**Work task:**
Print the listing below again, exactly. Skip the pictures.

**Recorded information:**

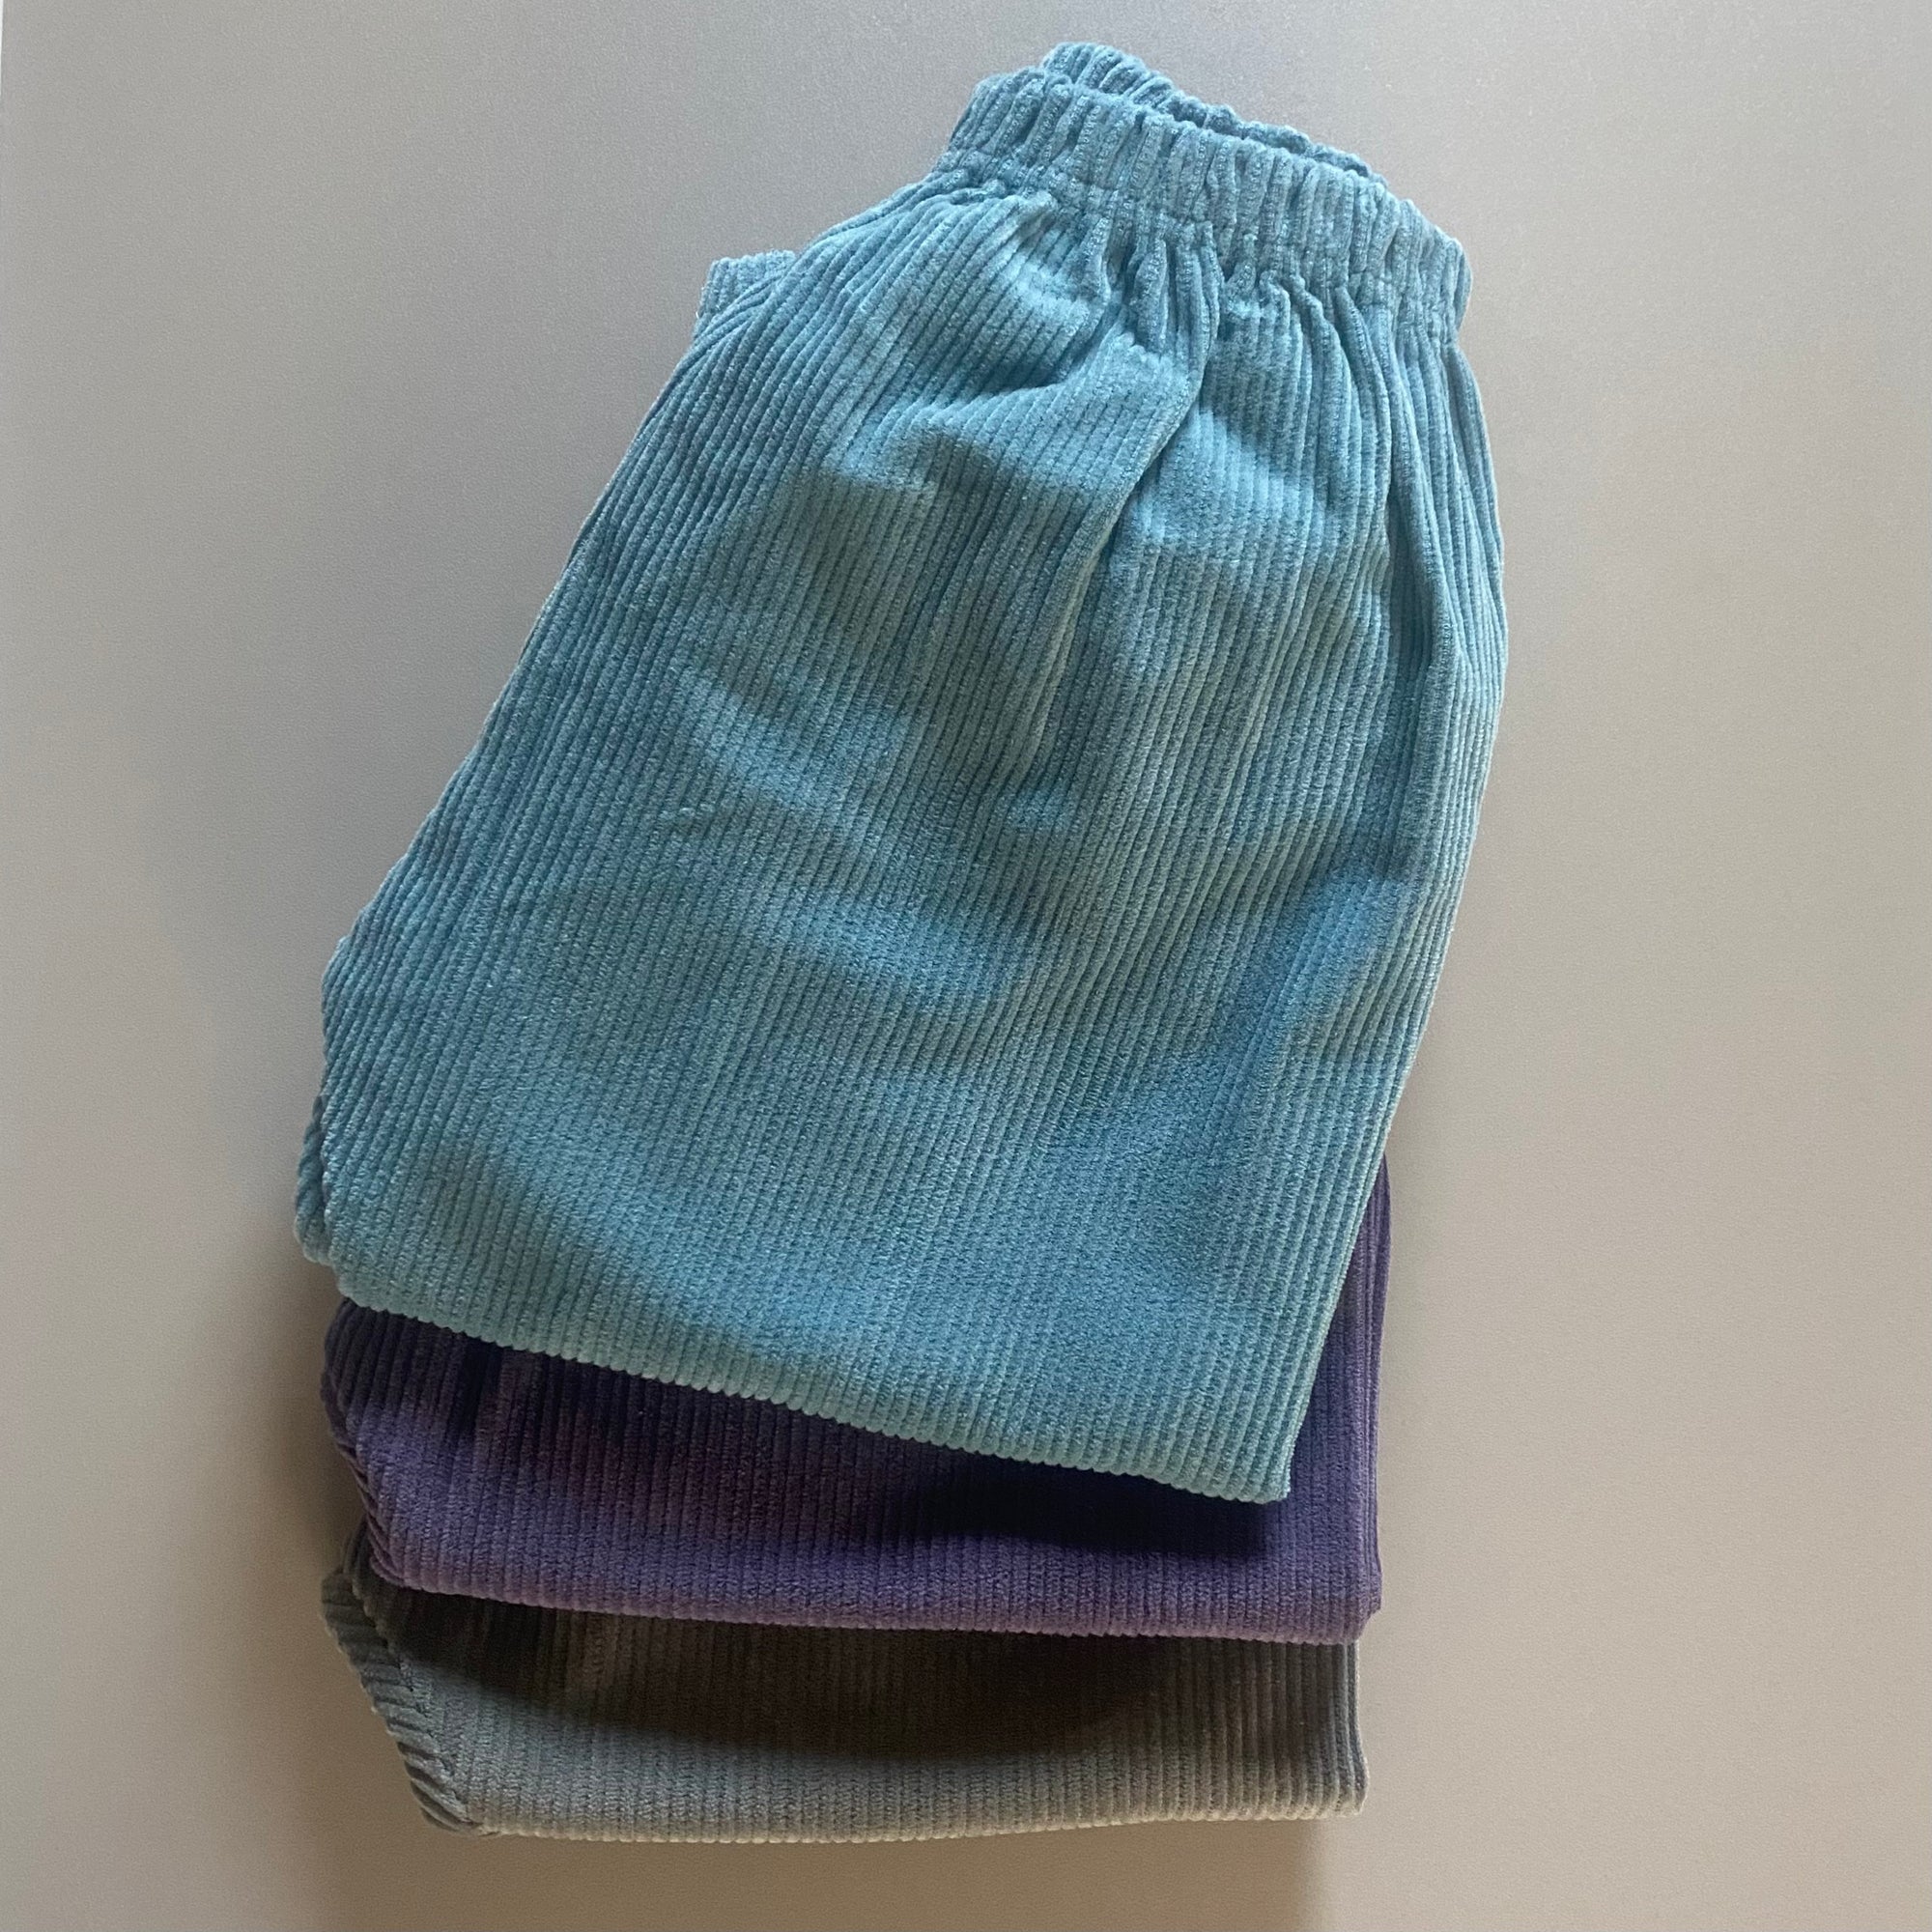 Corduroy Panpan Pants find Stylish Fashion for Little People- at Little Foxx Concept Store
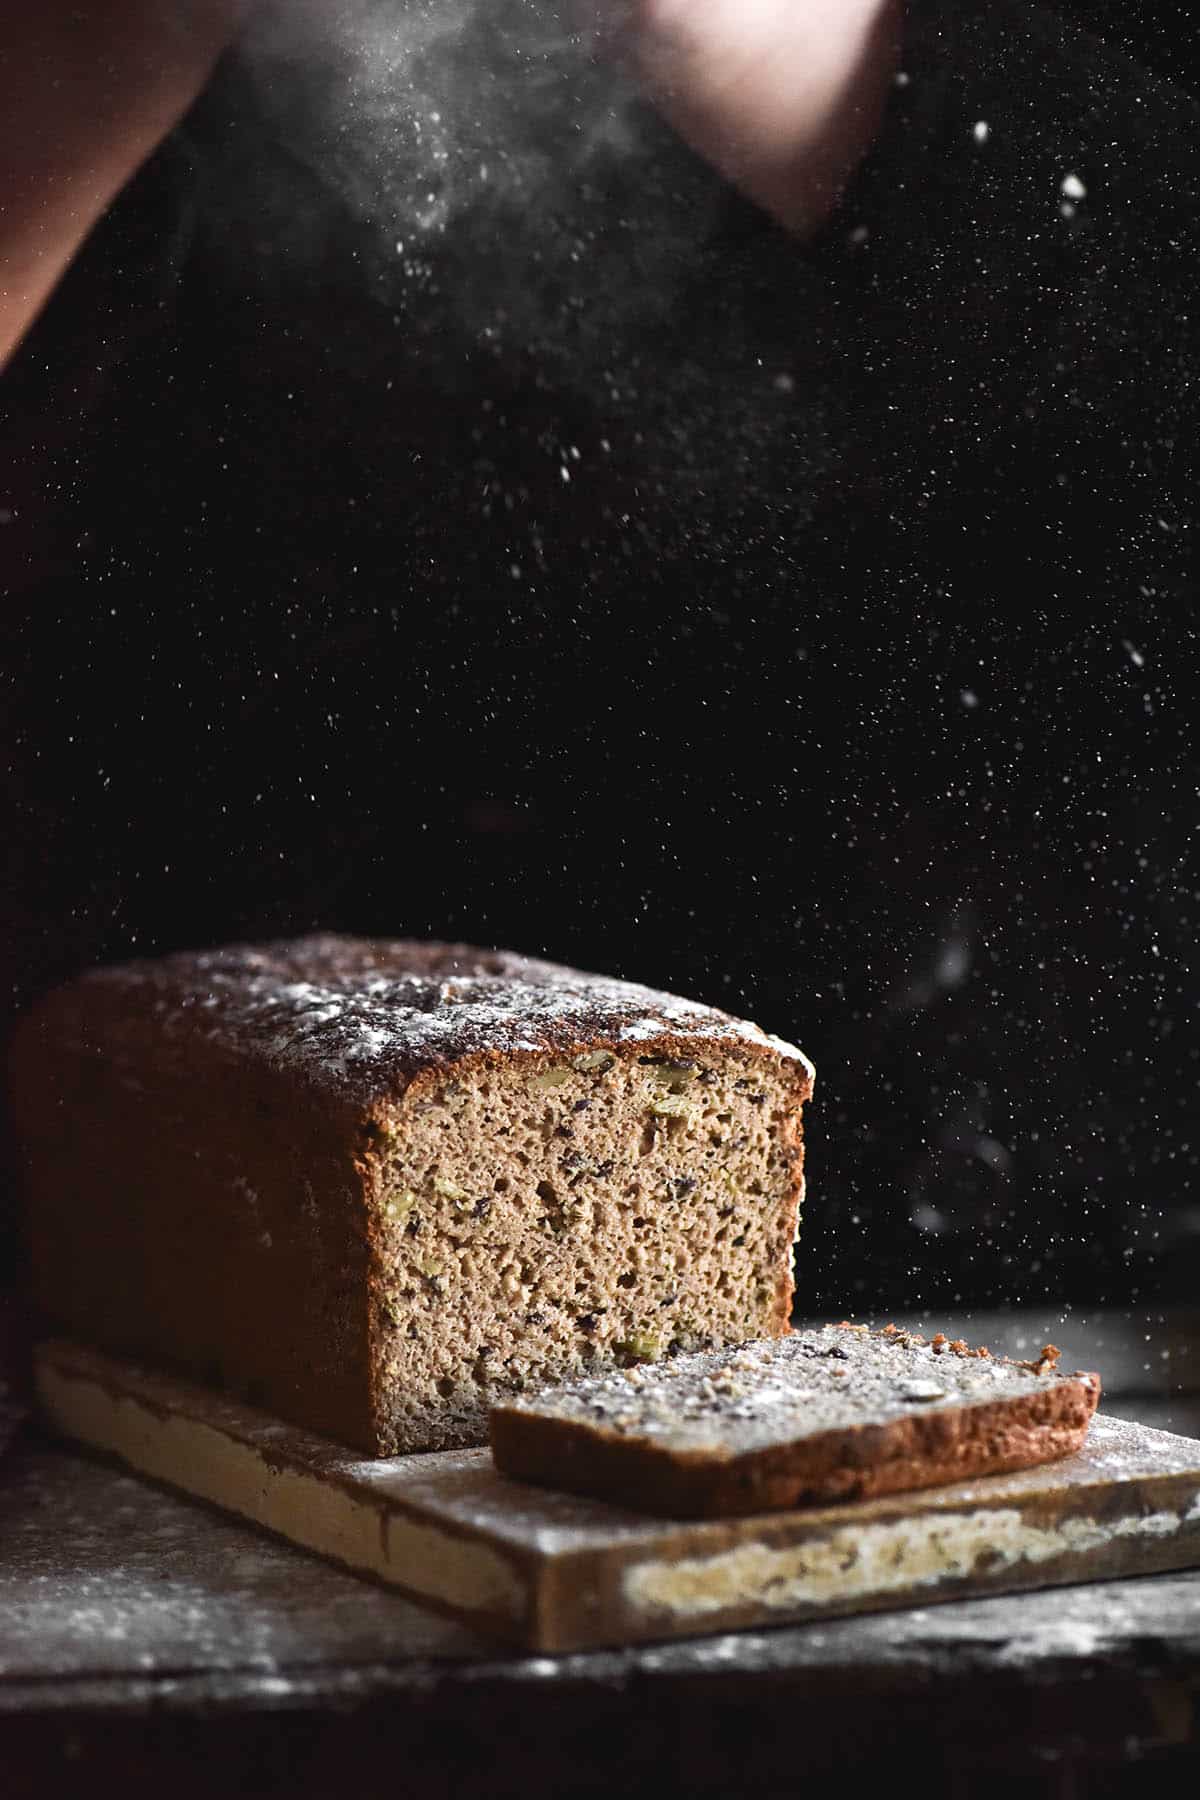 A side on view of a loaf of gluten free seeded bread against a black backdrop. A person stands behind the loaf and sprinkles flour down onto it, which contrasts against the dark backdrop
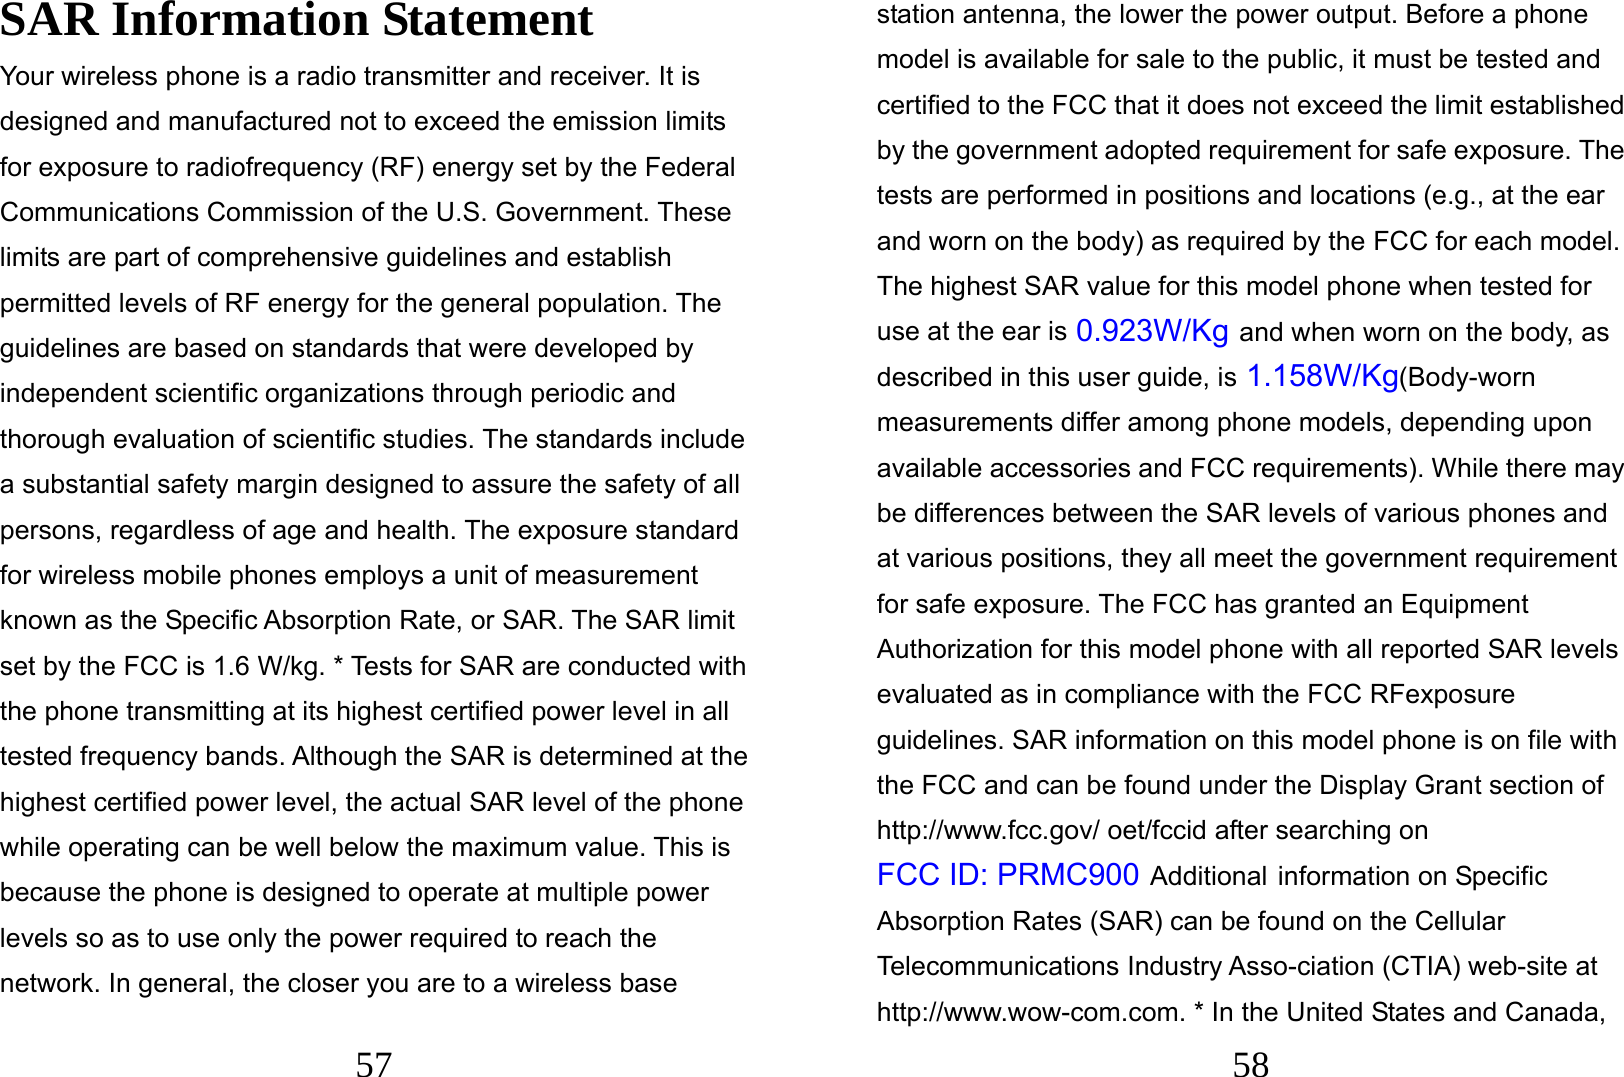  57 SAR Information Statement Your wireless phone is a radio transmitter and receiver. It is designed and manufactured not to exceed the emission limits for exposure to radiofrequency (RF) energy set by the Federal Communications Commission of the U.S. Government. These limits are part of comprehensive guidelines and establish permitted levels of RF energy for the general population. The guidelines are based on standards that were developed by independent scientific organizations through periodic and thorough evaluation of scientific studies. The standards include a substantial safety margin designed to assure the safety of all persons, regardless of age and health. The exposure standard for wireless mobile phones employs a unit of measurement known as the Specific Absorption Rate, or SAR. The SAR limit set by the FCC is 1.6 W/kg. * Tests for SAR are conducted with the phone transmitting at its highest certified power level in all tested frequency bands. Although the SAR is determined at the highest certified power level, the actual SAR level of the phone while operating can be well below the maximum value. This is because the phone is designed to operate at multiple power levels so as to use only the power required to reach the network. In general, the closer you are to a wireless base  58 station antenna, the lower the power output. Before a phone model is available for sale to the public, it must be tested and certified to the FCC that it does not exceed the limit established by the government adopted requirement for safe exposure. The tests are performed in positions and locations (e.g., at the ear and worn on the body) as required by the FCC for each model. The highest SAR value for this model phone when tested for use at the ear is 0.923W/Kg and when worn on the body, as described in this user guide, is 1.158W/Kg(Body-worn measurements differ among phone models, depending upon available accessories and FCC requirements). While there may be differences between the SAR levels of various phones and at various positions, they all meet the government requirement for safe exposure. The FCC has granted an Equipment Authorization for this model phone with all reported SAR levels evaluated as in compliance with the FCC RFexposure guidelines. SAR information on this model phone is on file with the FCC and can be found under the Display Grant section of http://www.fcc.gov/ oet/fccid after searching on   FCC ID: PRMC900 Additional information on Specific Absorption Rates (SAR) can be found on the Cellular Telecommunications Industry Asso-ciation (CTIA) web-site at http://www.wow-com.com. * In the United States and Canada,

**Expected answer:**
 Corduroy Panpan Pants find Stylish Fashion for Little People- at Little Foxx Concept Store
 A side on view of a loaf of gluten free seeded bread against a black backdrop. A person stands behind the loaf and sprinkles flour down onto it, which contrasts against the dark backdrop
  57 SAR Information Statement Your wireless phone is a radio transmitter and receiver. It is designed and manufactured not to exceed the emission limits for exposure to radiofrequency (RF) energy set by the Federal Communications Commission of the U.S. Government. These limits are part of comprehensive guidelines and establish permitted levels of RF energy for the general population. The guidelines are based on standards that were developed by independent scientific organizations through periodic and thorough evaluation of scientific studies. The standards include a substantial safety margin designed to assure the safety of all persons, regardless of age and health. The exposure standard for wireless mobile phones employs a unit of measurement known as the Specific Absorption Rate, or SAR. The SAR limit set by the FCC is 1.6 W/kg. * Tests for SAR are conducted with the phone transmitting at its highest certified power level in all tested frequency bands. Although the SAR is determined at the highest certified power level, the actual SAR level of the phone while operating can be well below the maximum value. This is because the phone is designed to operate at multiple power levels so as to use only the power required to reach the network. In general, the closer you are to a wireless base  58 station antenna, the lower the power output. Before a phone model is available for sale to the public, it must be tested and certified to the FCC that it does not exceed the limit established by the government adopted requirement for safe exposure. The tests are performed in positions and locations (e.g., at the ear and worn on the body) as required by the FCC for each model. The highest SAR value for this model phone when tested for use at the ear is 0.923W/Kg and when worn on the body, as described in this user guide, is 1.158W/Kg(Body-worn measurements differ among phone models, depending upon available accessories and FCC requirements). While there may be differences between the SAR levels of various phones and at various positions, they all meet the government requirement for safe exposure. The FCC has granted an Equipment Authorization for this model phone with all reported SAR levels evaluated as in compliance with the FCC RFexposure guidelines. SAR information on this model phone is on file with the FCC and can be found under the Display Grant section of http://www.fcc.gov/ oet/fccid after searching on   FCC ID: PRMC900 Additional information on Specific Absorption Rates (SAR) can be found on the Cellular Telecommunications Industry Asso-ciation (CTIA) web-site at http://www.wow-com.com. * In the United States and Canada,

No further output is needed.